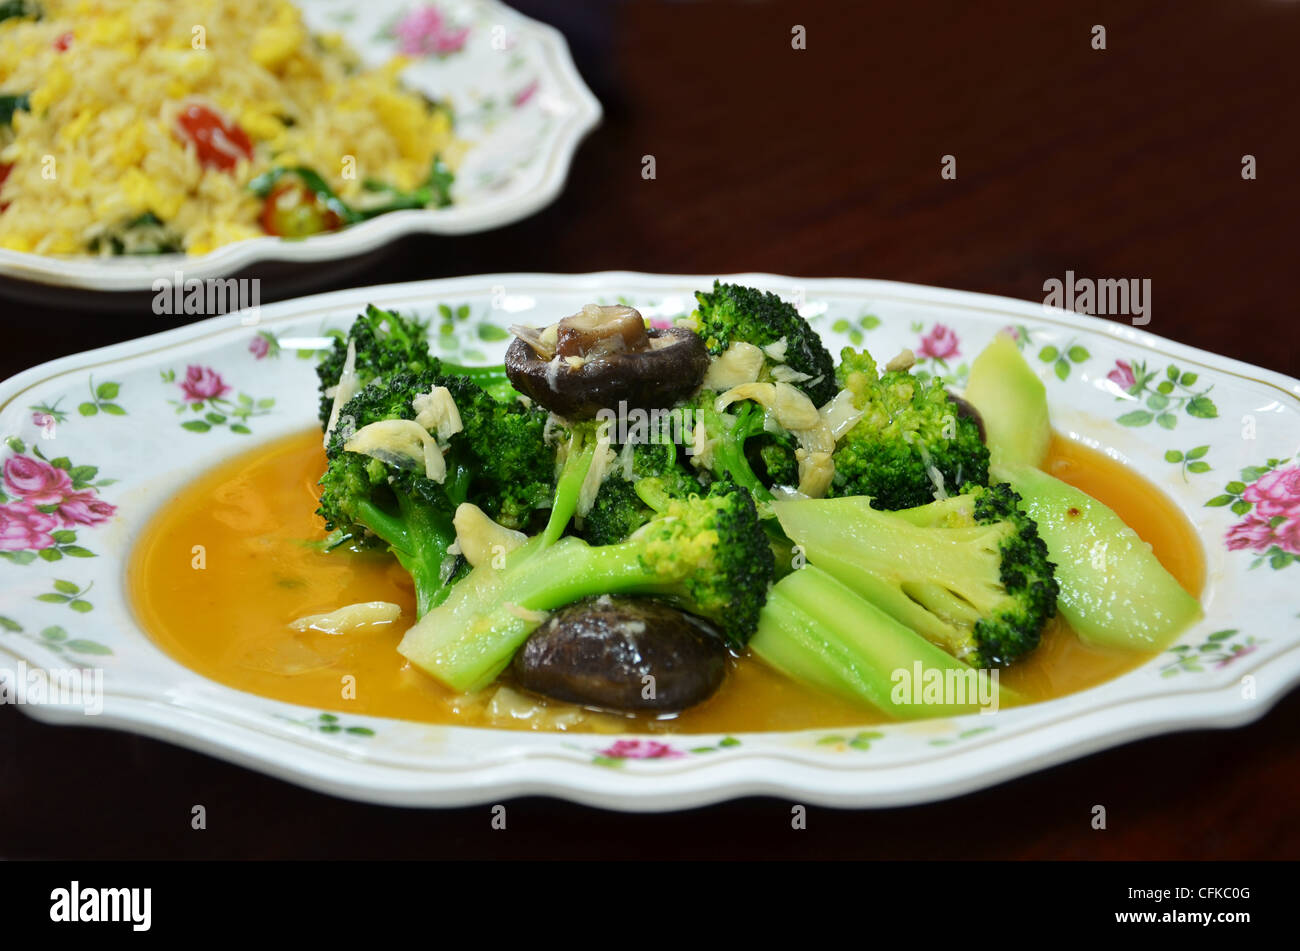 stir fry broccoli with shiitake mushroom Stock Photo
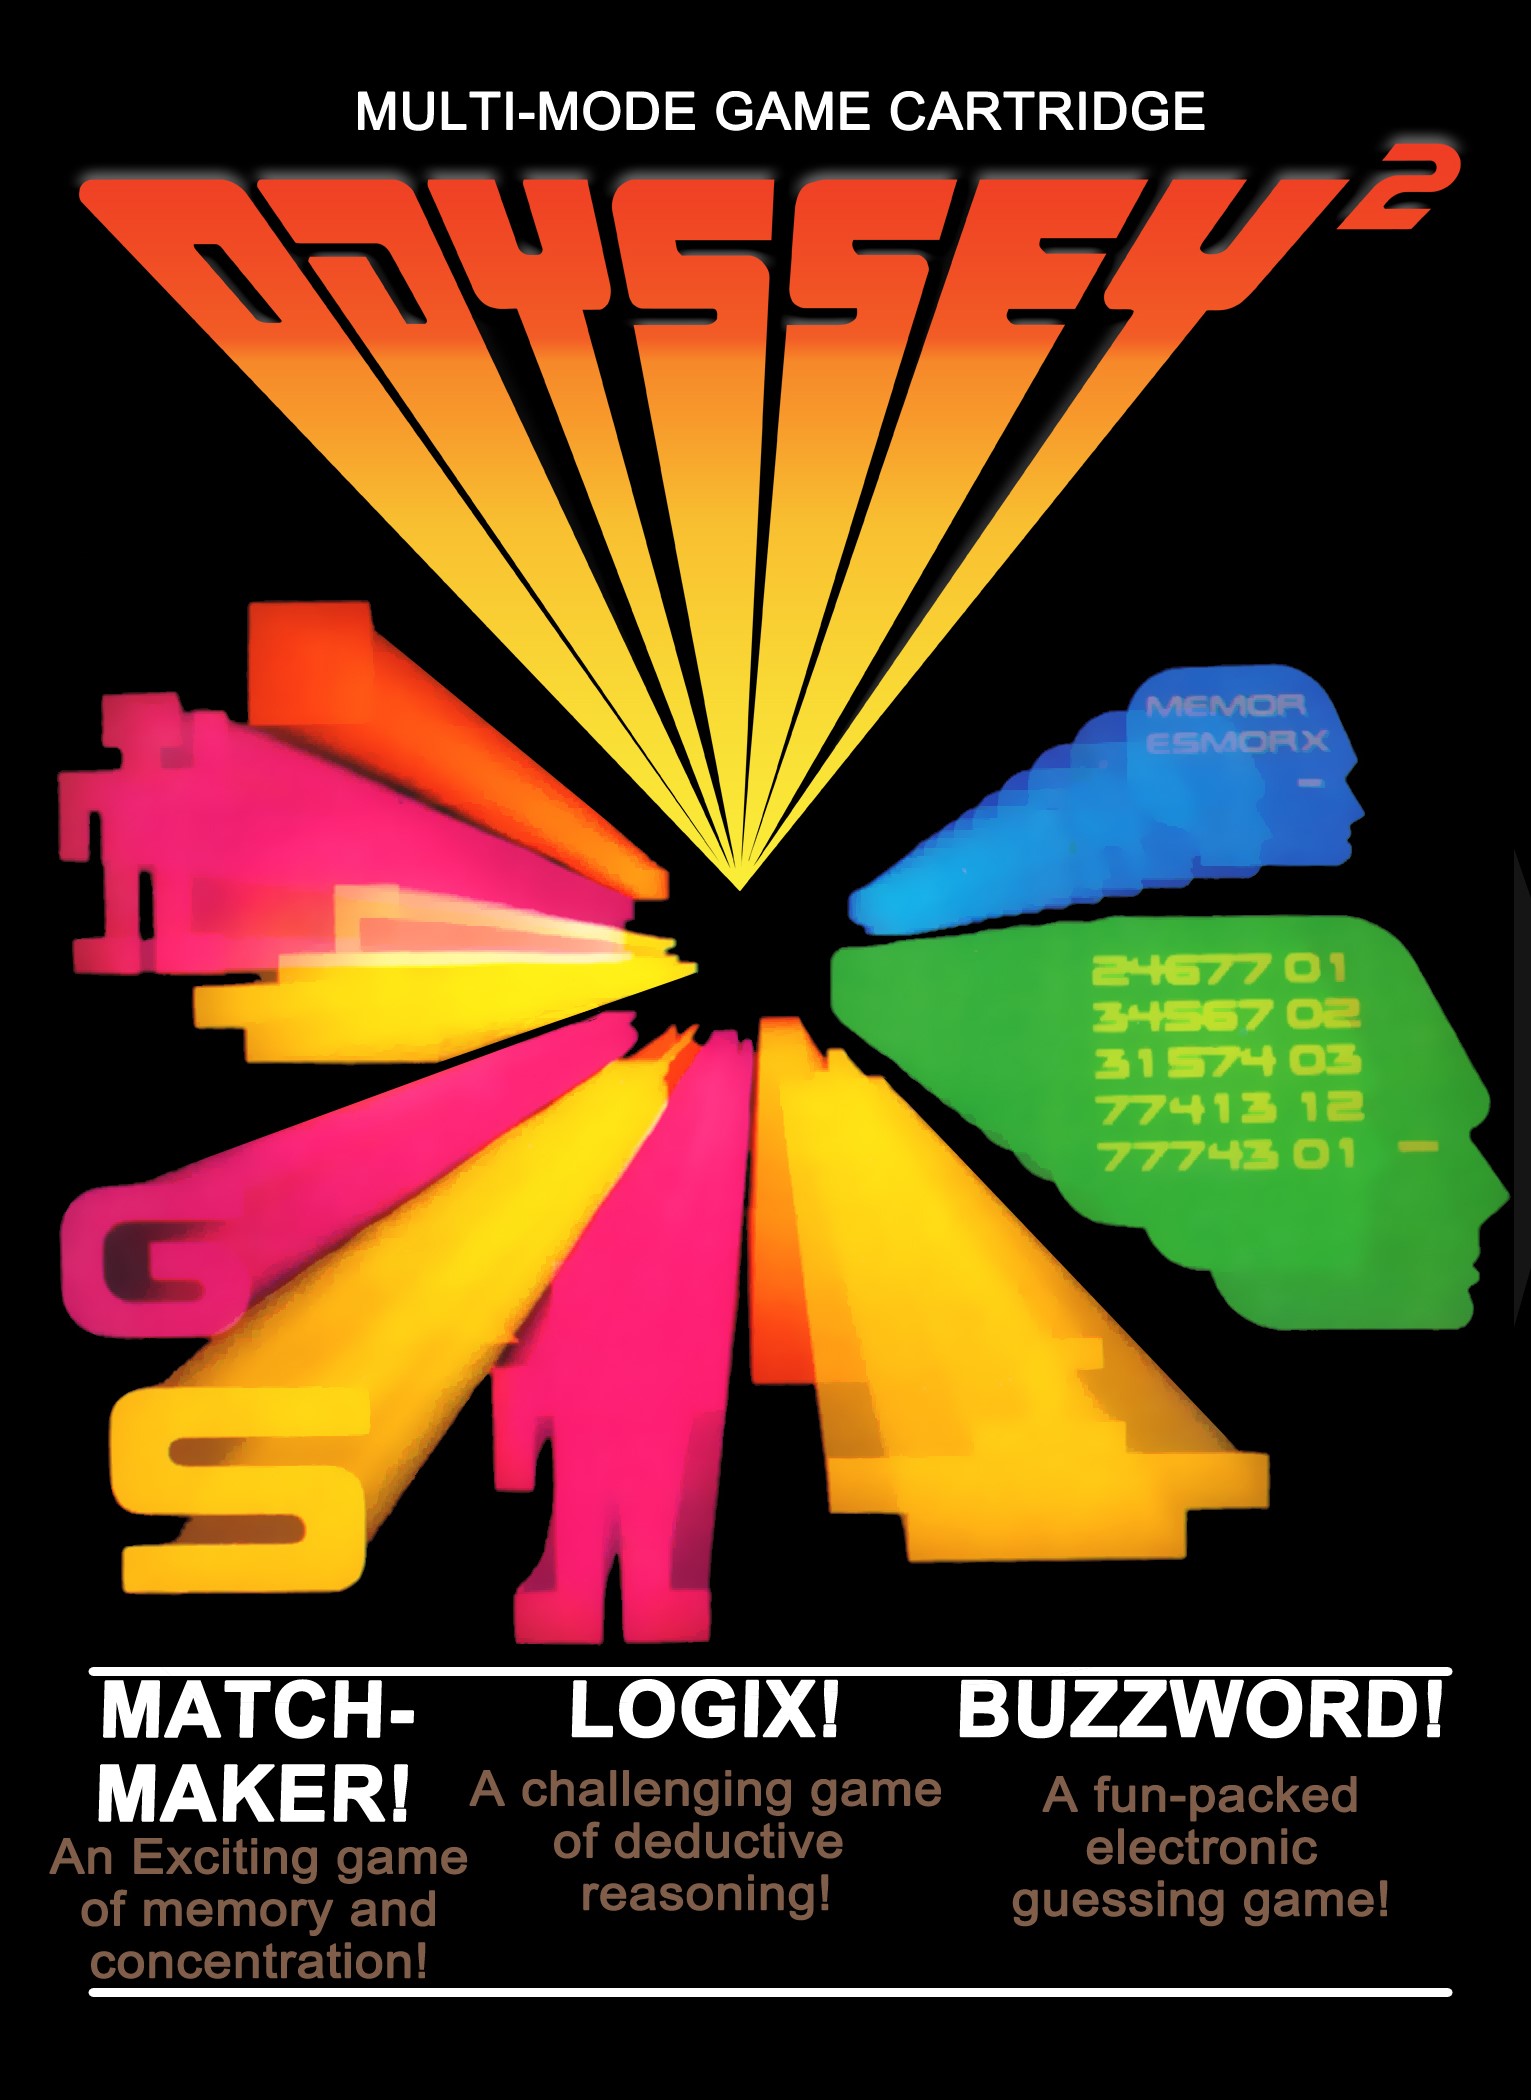 'Match-Maker!' / 'Logix!' / 'Buzzword!'
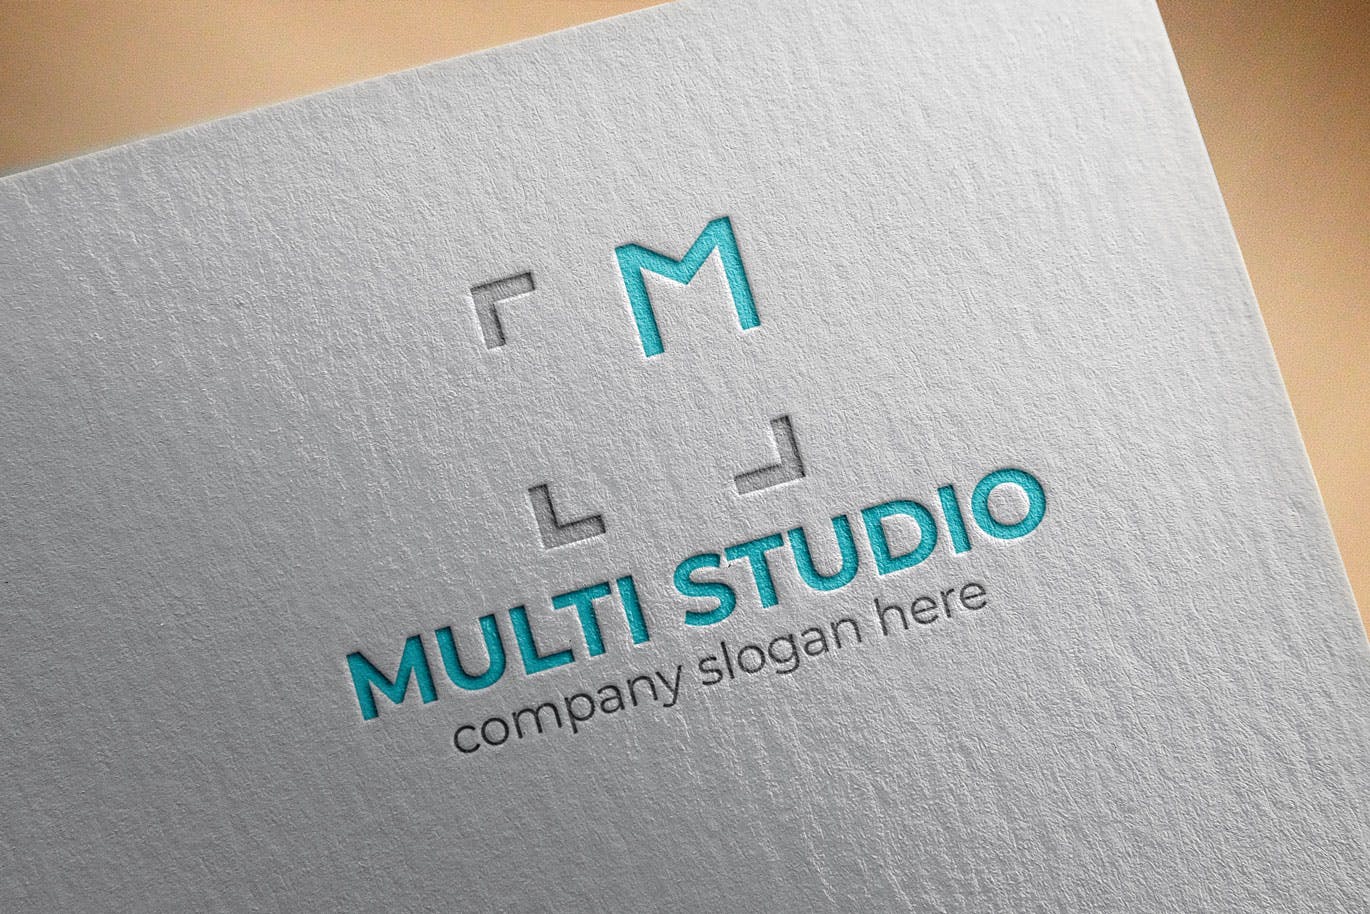 字母M创意图形企业品牌Logo设计第一素材精选模板 Letter Based Business Logo Template插图(2)

########

▸ What the task requires
Leaving the pictures out, give back each line above exactly.

▸ Solution to this task
 stir fry broccoli with shiitake mushroom Stock Photo
 'Match-Maker!' / 'Logix!' / 'Buzzword!'
 字母M创意图形企业品牌Logo设计第一素材精选模板 Letter Based Business Logo Template插图(2)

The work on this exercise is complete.